Disc golf can be played from school age to old age, making it the one of the greatest lifetime fitness sports available. Specially-abled and disabled participate, giving them the opportunity to take part in a mainstream activity. Because disc golf is so easy to learn, no one is excluded. Players merely match their pace to their capabilities, and proceed from there.

The Professional Disc Golf Association, the governing body for the sport, sanctions competitive events for men and women of every skill level from novice to professional. Disc golf courses are found in countries worldwide, as well as throughout the United States.

Where do I play?
Many city parks have golf courses already set up. Most are free to play as often as you like. Disc golfers who do not have the benefit of a permanent disc golf facility in their area often "make up" courses in nearby parks and green spaces.

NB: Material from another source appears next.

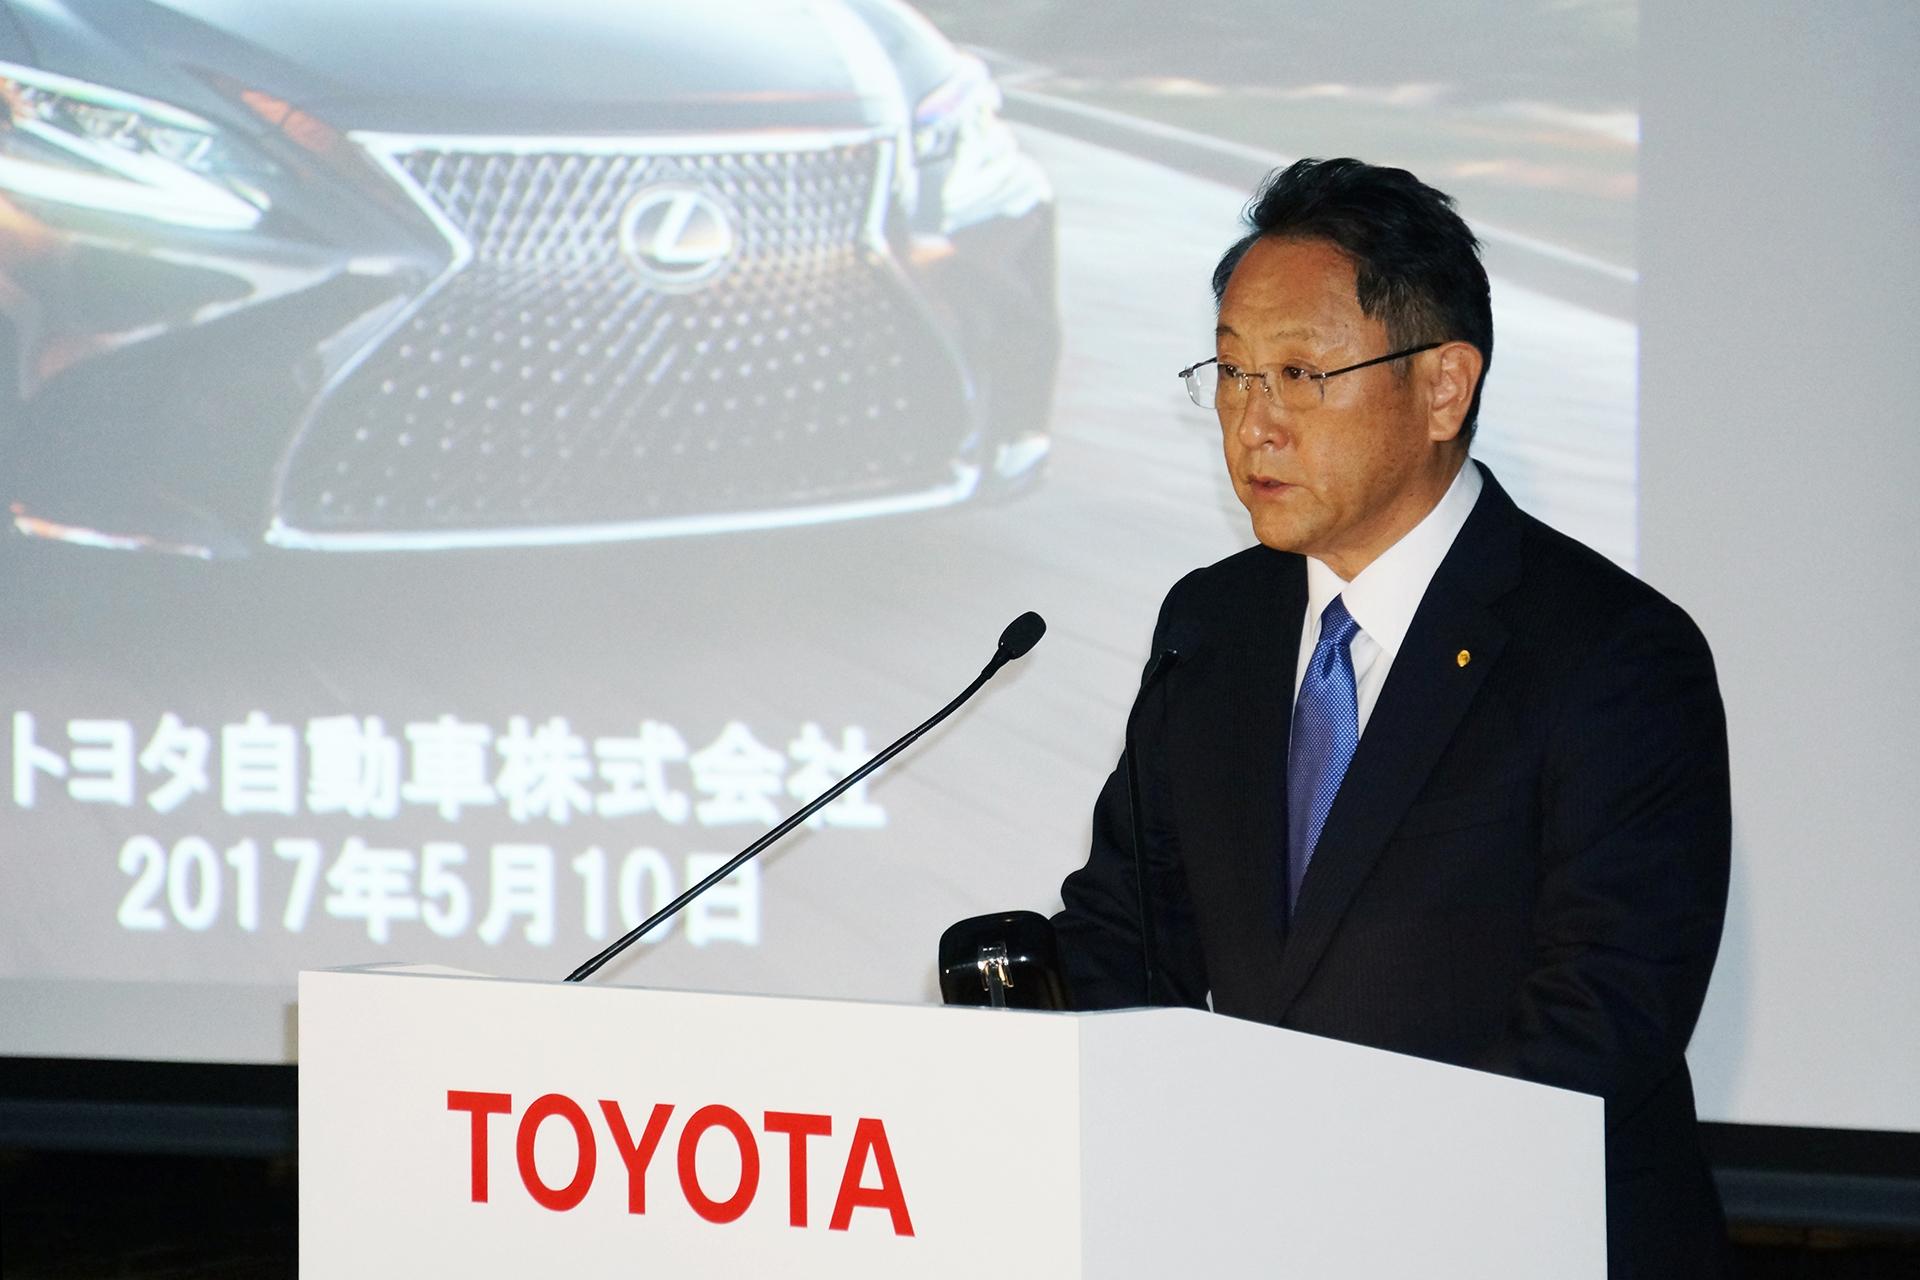 激震!!「トヨタ、国内販売車種半減」は本当か? 整理車種は??
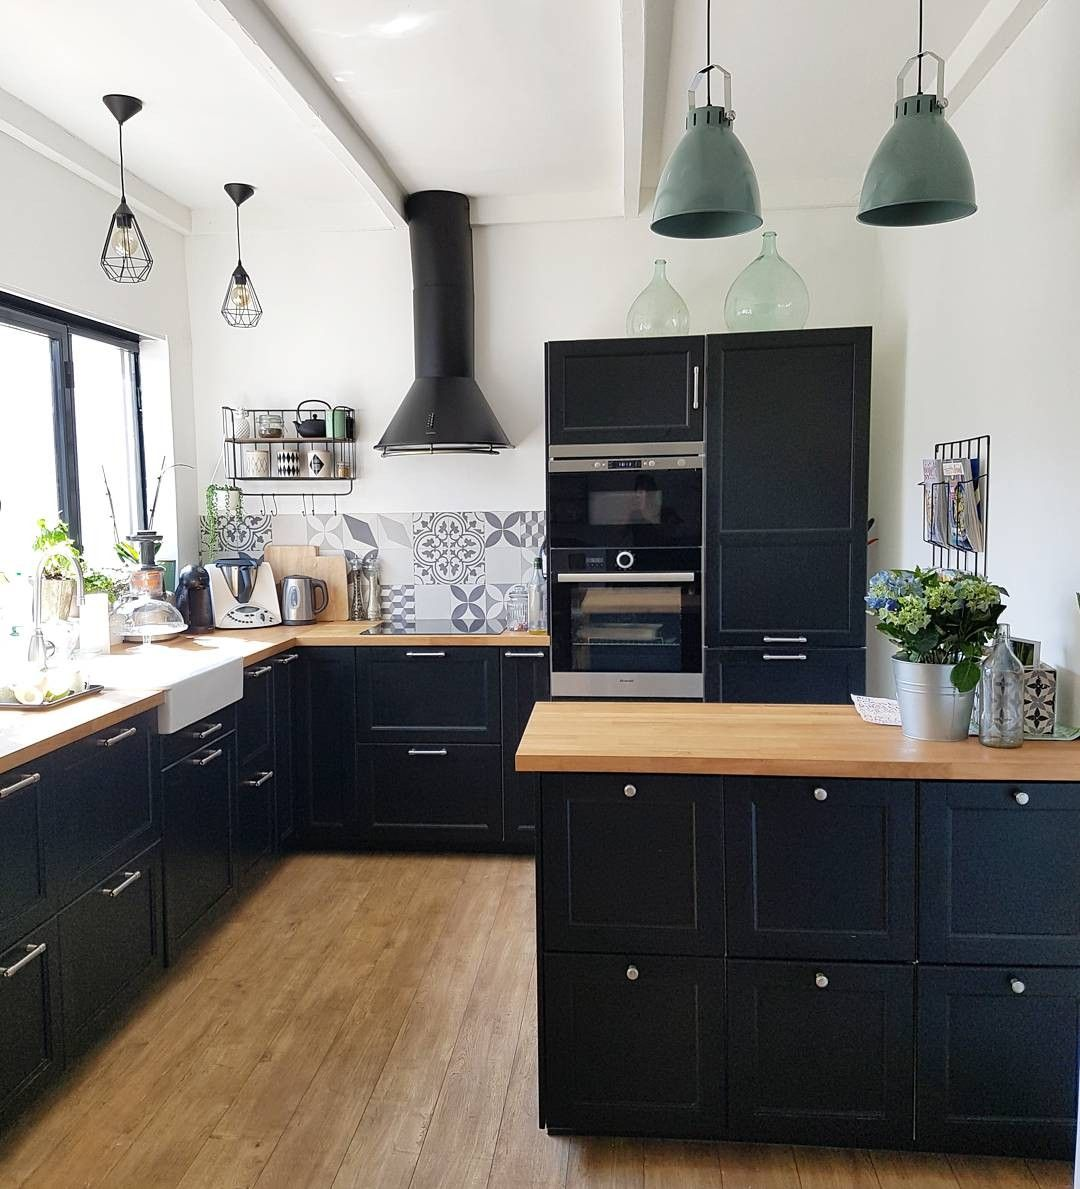 Cuisine ikea laxarby cuisine noire et bois esprit bistro renovation maison cuisine in 2018 - Ikea meuble cuisine ...

One of the great features disc golf shares with traditional golf is that they are both played in beautiful settings. A nine-hole disc golf course can be established on as little as five acres of land, and a championship-caliber 18-hole course on 30 to 40 acres. Disc golf courses can coexist with existing park facilities and activity areas. The ideal location combines wooded and open terrains, and a variety of topographical change.

The need for more courses is constant, as the sport continues to grow in popularity. The PDGA has created standards for the design and installation of new golf courses, to ensure their success in the community.

Why should I play?
The ongoing fitness boom finds more and more people taking up recreational activities in an effort to improve health and quality of life.

Disc golf provides upper and lower body conditioning, aerobic exercise, and promotes a combination of physical and mental abilities that allow very little risk of physical injury. Concentration skills increase by mastering shots and negotiating obstacles. Players of limited fitness levels can start slowly and gradually increase their level of play as fitness improves.

Scheduling is also flexible; a round takes one to two hours, and may be played alone, eliminating the difficulty of scheduling tee times. And as in traditional golf, disc golfers find themselves "hooked;" increasing the likelihood of frequent participation. Disc golf offers year-round fitness, even in rain or snow. Perhaps the greatest attribute of the sport is the expense - or rather, the lack of it. A professional quality disc costs around $10, and it only takes one for basic play.

And, of course, there's the sheer fun of the game - no matter what your age or skill level.